As a PyTorch Lightning module, this model can be fine-tuned easily, and checkpoints can be saved as .safetensors, making it possible to upload the trained models to platforms like Hugging Face for open collaboration.

The prebuilt model was trained on a limited dataset. According to the package’s documentation, “the prebuilt models will always be improved by adding data from the target area”. As such, this notebook will explore the improvement in the model’s performance in live-stock detection from fine-tuning on local data.

Description#

This notebook will explore the capabilities of the DeepForest package. In particular, it will demonstrate how to:

  • Detect livestock in airborne imagery using the prebuilt livestock detection model.

  • Fine-tune the model using a novel publicly-available dataset.

  • Evaluate the model’s performance before and after fine-tuning.

  • Save and share model checkpoints throughout the process, allowing for reproducibility and collaboration on Hugging Face.

Note: Due to the memory constraints of the Binder environment, some steps of the machine learning pipeline are omitted from the notebook. In such cases, we include the relevant code so that it can still be executed in an environment with greater memory and processing power.

Highlights#

The prebuilt model was trained on 2347 training and 690 validation annotations, and its performance metrics on the test set (subset of 356 images excluded from training/validation sets) showed substantial gains:

  • Box Recall: Improved from 0.3862 to 0.9391

  • Box Precision: Improved from 0.4925 to 0.8628

  • Mean IoU: Improved from 0.2070 to 0.6095

These results demonstrate the potential of improving the model further by sharing checkpoints as open-source models on Hugging Face, enabling collaborative enhancements based on additional local data.

Contributions#

Notebook#

  • Cameron Appel (author), Queen Mary University of London, @camappel

  • Ethan P. White (reviewer), University of Florida, @ethanwhite

  • Louisa Van Zeeland (reviewer), The Alan Turing Institute, @louisavz

  • Alejandro Coca-Castro (editor), The Alan Turing Institute, @acocac

Modelling codebase#

  • Ben Weinstein (maintainer & developer), University of Florida, @bw4sz

  • Henry Senyondo (support maintainer), University of Florida, @henrykironde

  • Ethan White (PI and author), University of Florida, @ethanwhite

Modelling publications#

Import libraries#

Hide code cell source
import os
import glob
import urllib

import numpy as np
import pandas as pd

import xmltodict
import cv2
import matplotlib.pyplot as plt
from PIL import Image

from deepforest import main
from deepforest.visualize import plot_predictions
from huggingface_hub import hf_hub_download

import torch

from shapely.geometry import box
from skimage.exposure import equalize_hist

import pooch

import warnings
warnings.filterwarnings(action='ignore')

%matplotlib inline

Set project structure#

notebook_folder = './notebook'
if not os.path.exists(notebook_folder):
    os.makedirs(notebook_folder)

extract_dir = os.path.join(notebook_folder)
if not os.path.exists(extract_dir):
    os.makedirs(extract_dir, exist_ok=True)
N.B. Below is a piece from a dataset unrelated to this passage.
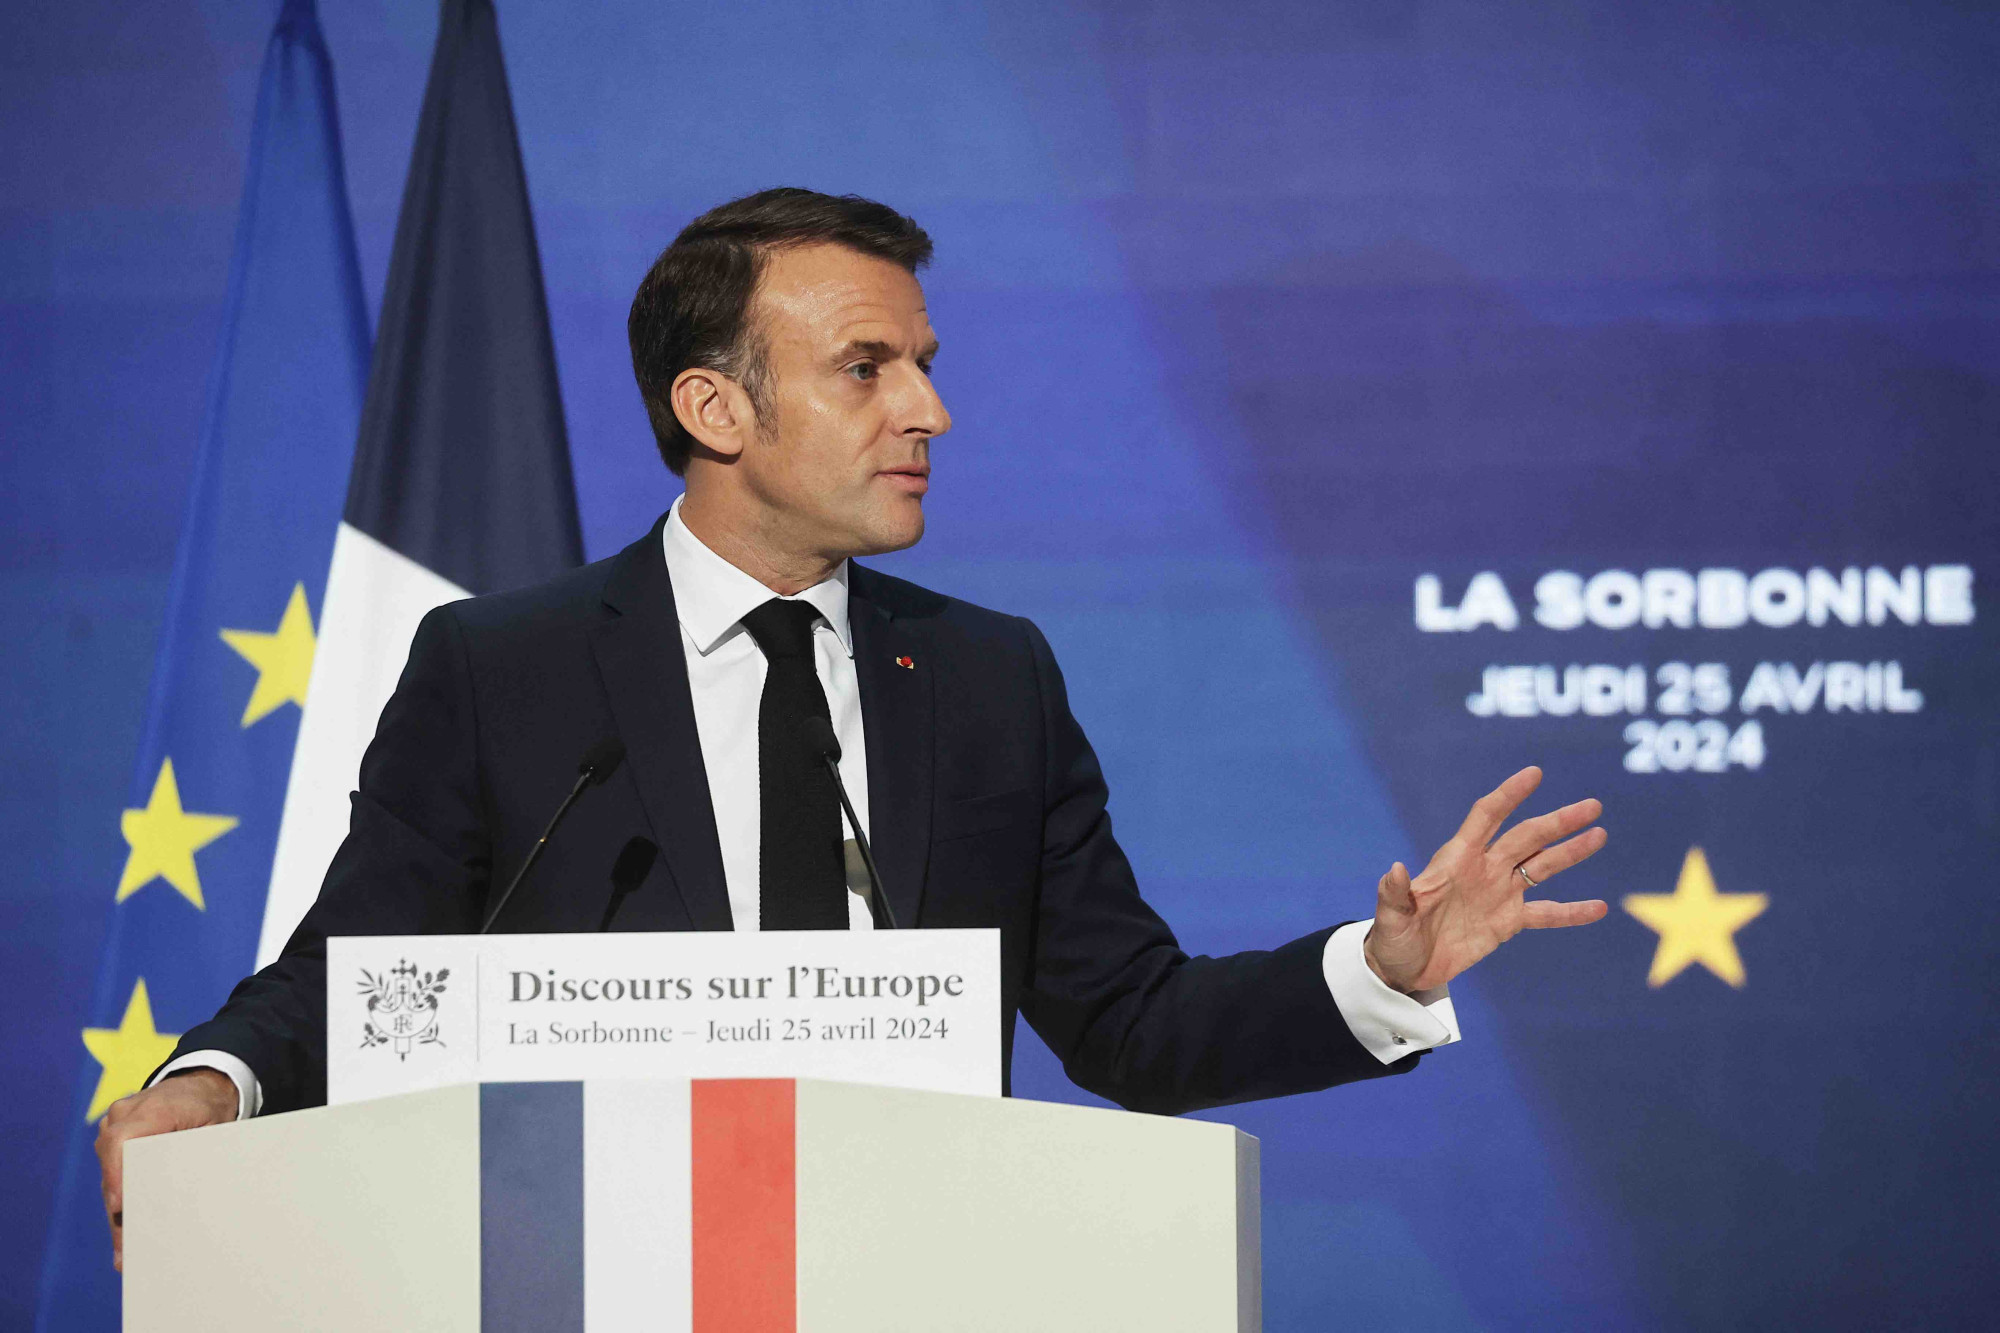 Emmanuel Macron dresse un portrait alarmiste de l'Europe à la Sorbonne : une "hypocrisie terrible" selon les oppositions

Fetch images and annotations from Zenodo#

Fetch sample images and ground-truth labels from Zenodo.

Data were sourced from Harvard’s publicly accessible ODjAR Dataverse. Specifically, G.J. Franke; Sander Mucher, 2021, “Annotated cows in aerial images for use in deep learning models”, which includes “a large dataset containing aerial images from fields in Juchowo, Poland and Wageningen, the Netherlands, with annotated cows present in the images using Pascal VOC XML Annotation Format.” There are effectively 3 datasets: Carus_2018, Carus_2019, and Juchowo_2019. There are XML files with the annotations: cow, cow ID, and cow pose.

Given that this dataset is stored as a multi-part archive, it was necessary to download and unzip the files using pyunpack, then distribute the subset of images used to train/validate and test the model separately. This process requires at least 7 GB of available space.

zenodo = pooch.create(
    # Use the default cache folder for the operating system
    path=f".",
    base_url="doi:10.5281/zenodo.14219057/",
    # The registry specifies the files that can be fetched
    registry={
        "annotations.csv": "md5:793358e2c3c59a3a621ff66b31533996",
        "test.csv": "md5:9b1fcc44aec7a678e736366b307f27f8",
        "test_baseline.csv": "md5:95325651118ebf92ec440c440175848c",
        "test_finetuned.csv": "md5:5ef15e75fe4e2d990ac197278a5677e8",
        "20181001 (196).JPG": "md5:d84d3487b4fea5a769b754fcd7655527",
        "20181002 (228).JPG": "md5:6cedf6881250de9d6eeeabb65f245588",
    },
)
Note: Due to the memory constraints of the Binder environment, this step is omitted from the notebook. To execute locally, run the following code:
unzipped_files = pooch.retrieve(
    url="doi:10.5281/zenodo.14219057/images.zip",
    known_hash="md5:90a37ff7c1a166f671dac952cfae2708",
    processor=pooch.Unzip(extract_dir=extract_dir),
    path=f"."
)

# Load the CSV (annotations)
test_path = [file for file in unzipped_files if file.endswith('test.csv')][0]
test_df = pd.read_csv(test_path)

Baseline model#

Download baseline model#

Load the model from DeepForest’s Hugging Face repository. The load_model() function loads the tree crown detection model by default; the following pre-trained models can also be specified:

  • weecology/deepforest-bird

  • weecology/everglades-nest-detection

  • weecology/cropmodel-deadtrees

  • weecology/deepforest-livestock

Note: Due to the memory constraints of the Binder environment, this step is omitted from the notebook. To execute locally, run the following code:
from deepforest import main

model = main.deepforest()
model.load_model(model_name="weecology/deepforest-livestock", revision="main")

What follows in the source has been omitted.